I asked Chuck Taylor if he could share some of his El Paso stories. Taylor is a prolific writer and poet (a more extensive biography is forthcoming). Chuck has given us permission to run his work here. You can see his books at: https://www.thriftbooks.com/a/chuck-taylor/378494/

How I Lost My Teaching Job by Chuck Taylor

He was from Romania. He’d come in ‘38 and in ‘59 he’d joined the John Birth Society. In ‘64 he and his wife took the apartment above the garage back of their house and made it into a bookstore. Their property stretched through the block to the next street, so they were able to post a big sign on the side of the garage and provide an entryway for cars.

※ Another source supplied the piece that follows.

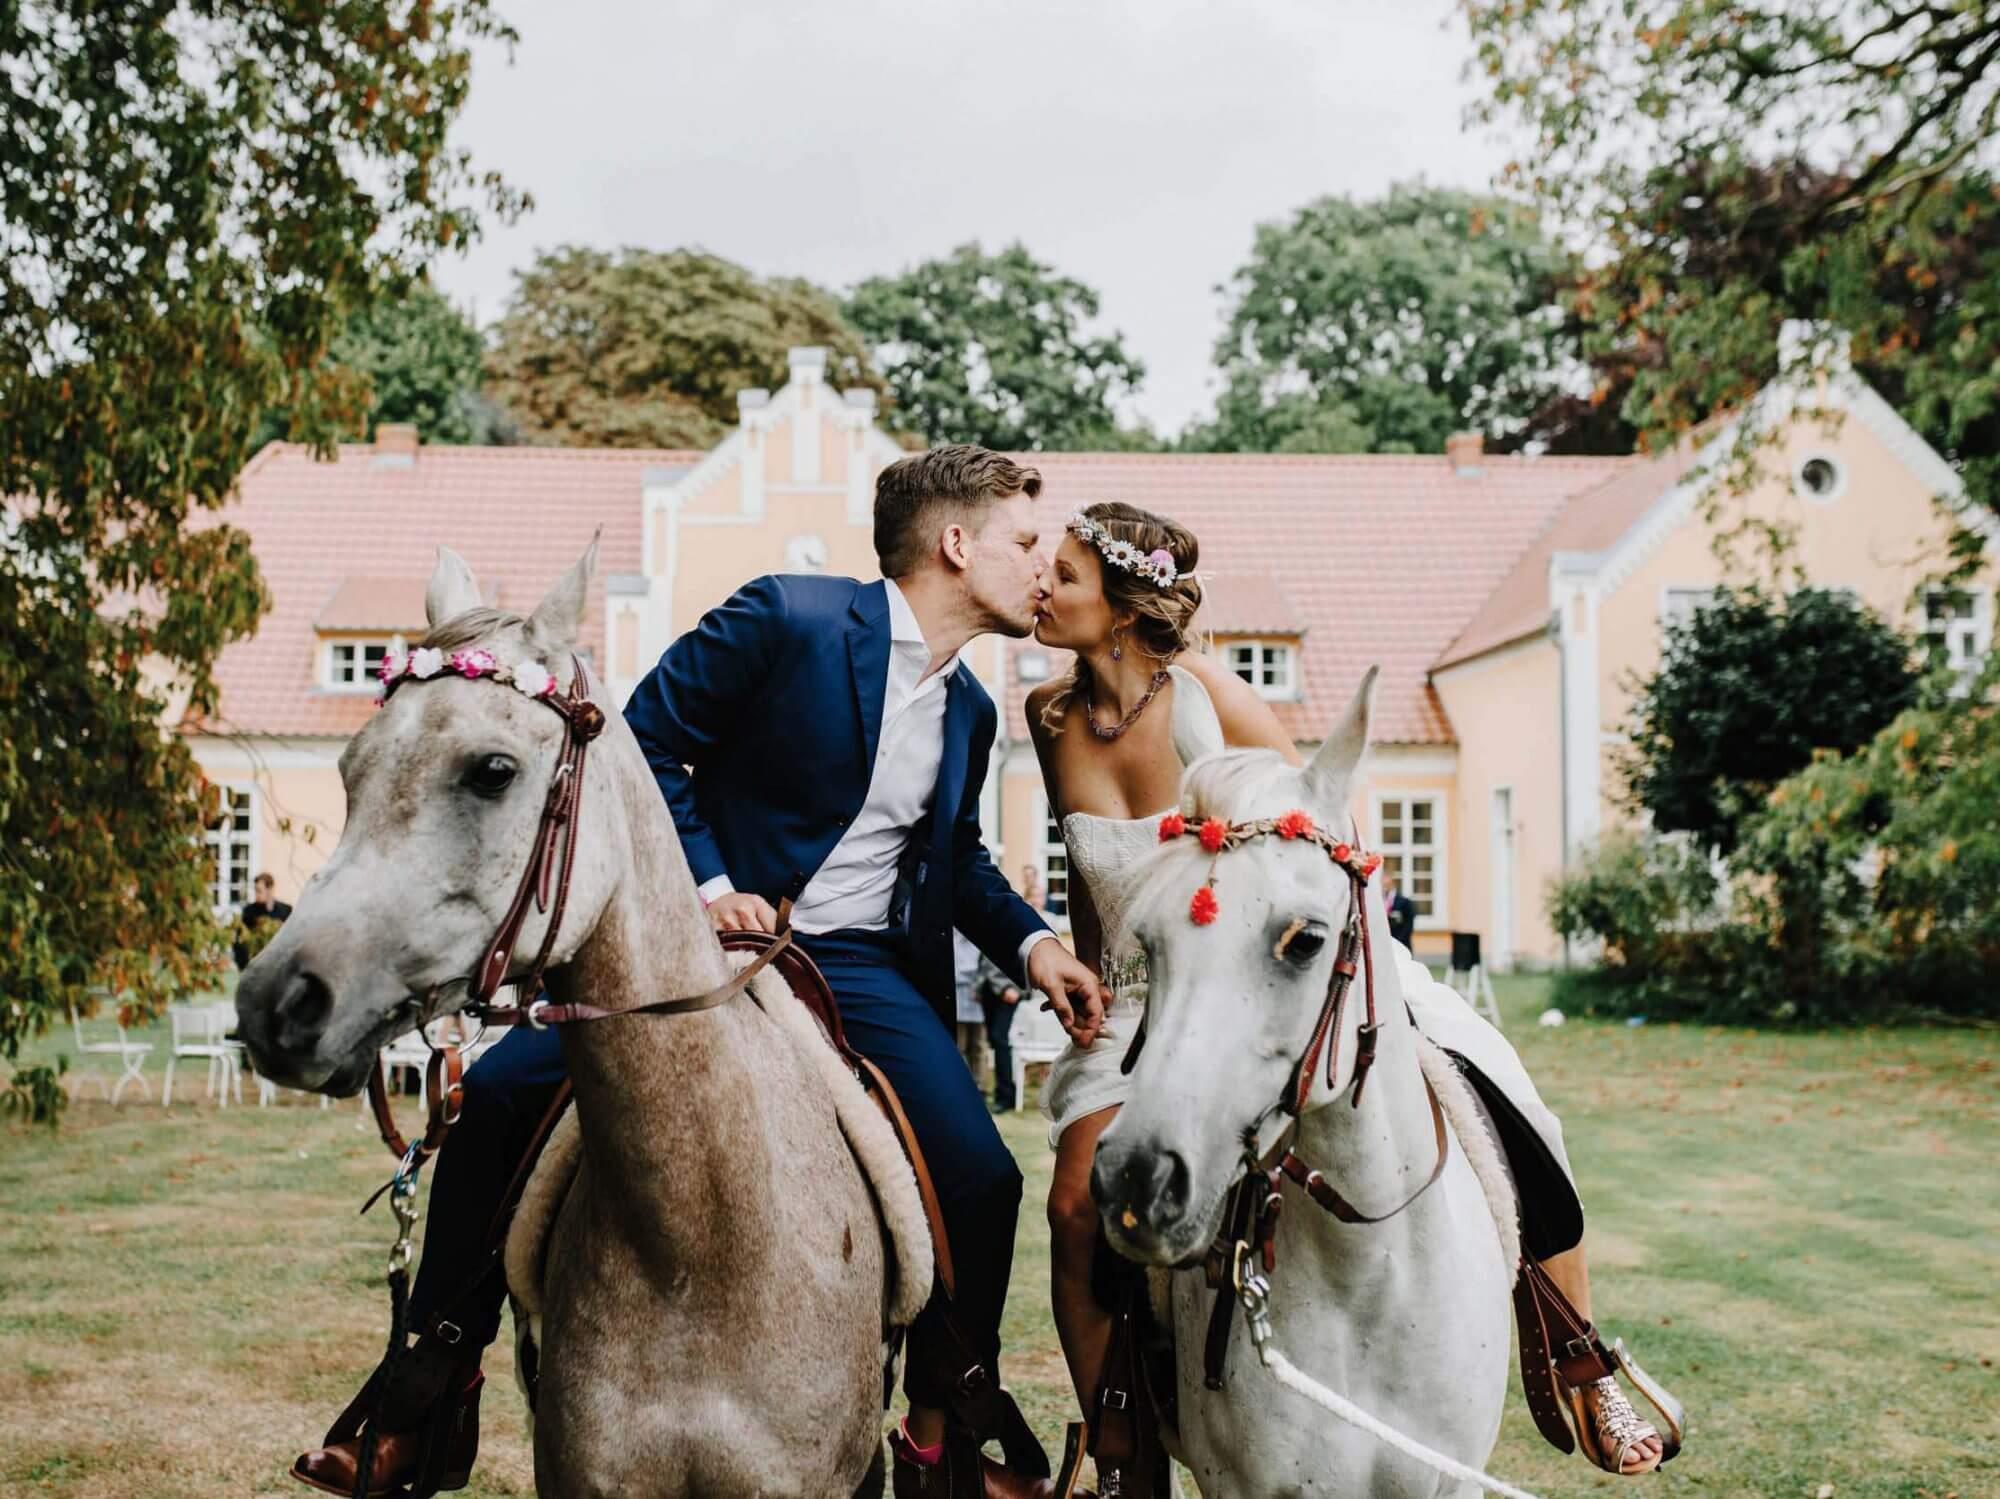 Romantische Hochzeit Location Mecklenburg Vorpommern im Gutshaus Ehmkendorf - Heiraten mit Pferd

     I’d come by to see if the bookstore might carry the books of fiction and poetry I’d published on an El Paso friend’s small press. The year was 1077 and I was thirty-four and ignorant, not aware that the American Opinion Bookstores were connected with the John Birch Society.

    “Leave them here,” the Romanian said. “My wife and I will look them over.”

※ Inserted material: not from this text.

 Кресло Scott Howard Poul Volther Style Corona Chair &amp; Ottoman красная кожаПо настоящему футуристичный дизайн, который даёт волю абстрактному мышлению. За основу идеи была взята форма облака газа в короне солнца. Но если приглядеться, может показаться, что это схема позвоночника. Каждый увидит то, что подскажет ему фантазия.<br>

    They took me into their house, showed me around, and offered a cup of tea. White hair shinning and in their seventies, they were trim and energetic.

    “I was an accountant,” he said. “I never made big money. My wife and I did the restoration on this house. We hired Mexicans to redo the woodwork and install the stained glass. We never had children. It gave us a worthwhile project to carry out.”

     “It’s beautiful,” I said. “When was the house built?”

     “In 1894,” he said, “by the Kukendalls, an important pioneer El Paso family.”

      I didn’t know if his history was correct.

     “We’re worried about the future generations,” the wife said. “Andrei, he sends out countless letters a day to senators and congressmen, but you’re a teacher at the college. You could have an influence on the next generation.”

     I did not say that I was having trouble reaching my students. To them I seemed a hippie thumbing his nose at society. All they wanted was to become part of society and make good money to help their families.

    “We’d like you to read these books,” they both insisted. “People have the wrong idea about the Society. It’s a family. Members come and stay with us.”

     “Oh,” I said. “Didn’t a big candy manufacturer start it? Welch?”

     “We’re interested in what you have to say about our books,” she said. “Take these copies with you.”

     “Yes,” he said. “We’ll give you a call next week.”

     When he called three weeks later he told me he couldn’t carry the books the El Paso press had published. They had sex and some of them talked of adultery.

     I told him I didn’t like his books either. The authors seemed shallow. They wrote as if the worst thing to happen was the death of their cats. I said that authors wrote about things like sex and adultery because they happen in life.

     I continued driving by the small American Opinion Bookstore on the second floor of their garage.  The bookstore was a part of The John Birch Society, which continues to this day but is less in the news.

    It is known as a radical, far-right organization.

    I don’t know if they approve of the current president, Donald J. Trump, or not.

    But back then I never saw any cars in their customer parking lot.

Chuck Taylor has worked as a dishwasher, a hospital maintenance man, a laundry worker, as well as a professor. He has replace roofs, slept in his car, been a CETA Poet in Residence in Salt Lake City, worked in the NEA poets-in-the-schools program around Texas. Today he’s been listening to Chopin and reading the great El Paso writer Elroy Bode. He has published two novels, 3 memoirs, 2 short story collections, and 8 volumes of poetry.